Pollard is the former U.S. Navy intelligence analyst who was sentenced March 4 to life imprisonment for passing hundreds of top secret American military documents to Israel. Sella, who was then on a study leave in the United States, is said to have been Pollard’s first “handler” and the man who put the former Navy analyst in touch with a shadowy Israeli intelligence agency known by its Hebrew acronym as Lekem.

Officially, Prime Minister Yitzhak Shamir, Foreign Minister and Vice Premier Shimon Peres and Defense Minister Yitzhak Rabin have all disclaimed any knowledge of what they still term an unauthorized, “rogue” operation.

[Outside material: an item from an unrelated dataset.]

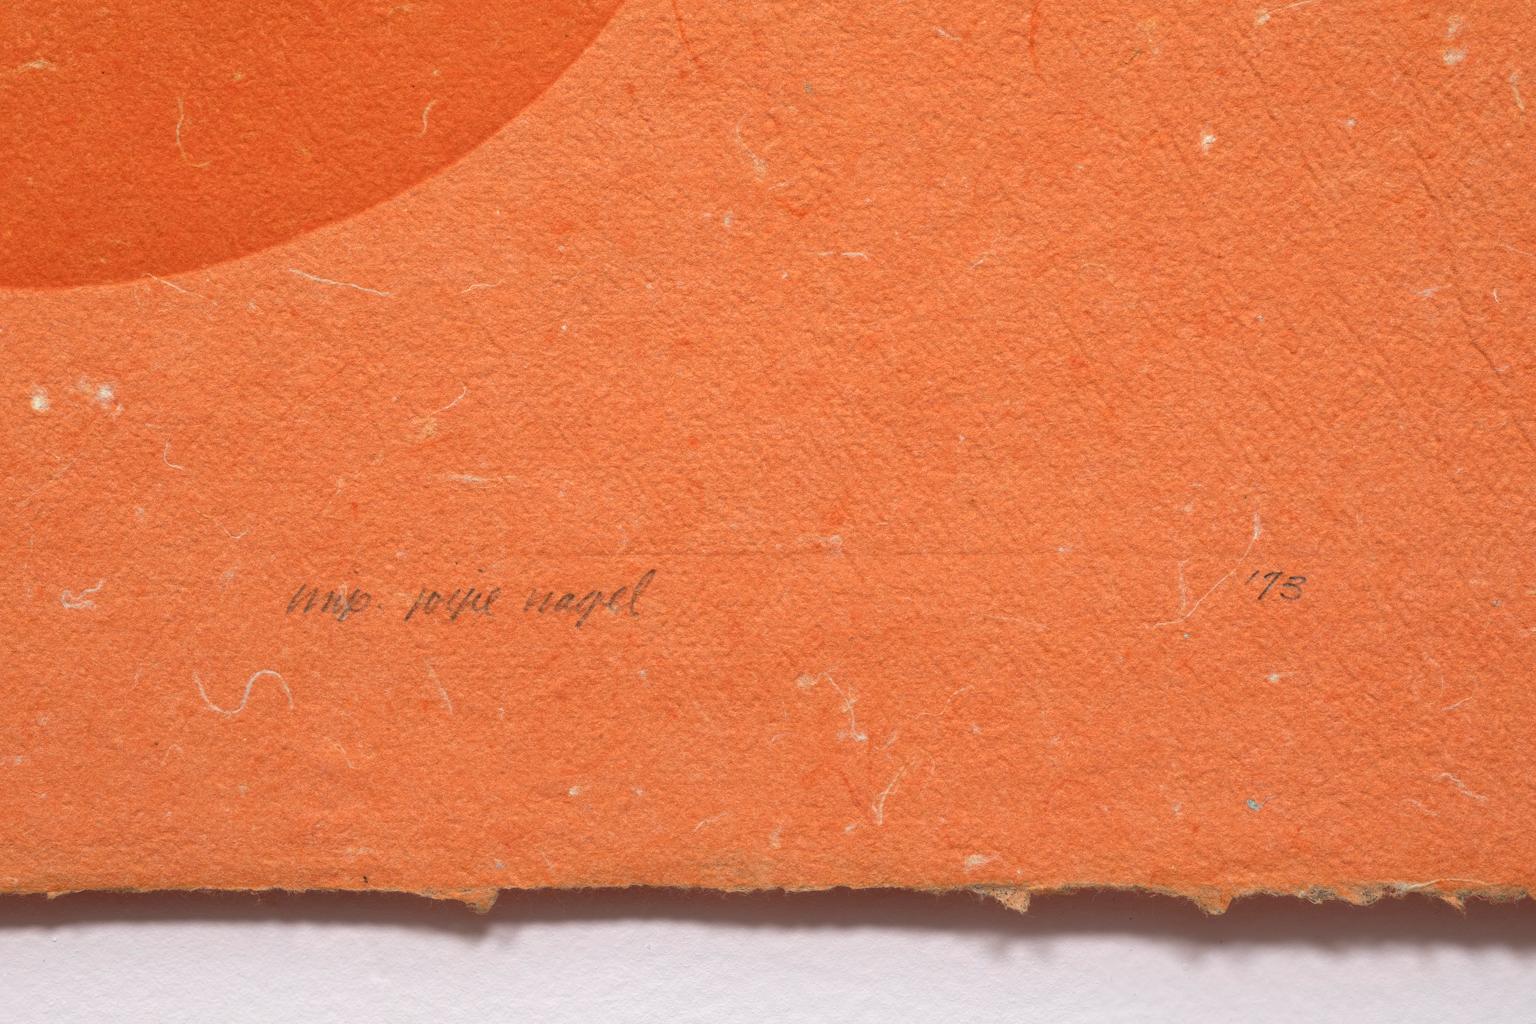 Joyce T. Nagel Druck „Orange“ AP 1 Künstler Proof Handgefertigtes Papier Signiert datiert, datiert im Angebot 2

However, leaks from two Israeli committees investigating the affair have raised serious doubts about that official line. It is now an all but officially acknowledged fact here that Sella, a much-decorated military hero whose duties would not normally include espionage, was authorized by the head of the air force, the chief of staff, or both, to act on Lekem’s behalf in the Pollard case.

The only way the top political leadership could have been unaware of the operation, the critics charge, is if they were either derelict in their duties or they simply did not want to know.

By the same line of reasoning, Sella is seen as a martyr for having been at least indirectly pressured into resigning his prestigious command while no one higher up shoulders any responsibility.

“It is the most courageous who fall,” the independent newspaper Maariv editorialized . However, it added, Sella “was not the commander here . . . and he is not the only one who needs to fall.”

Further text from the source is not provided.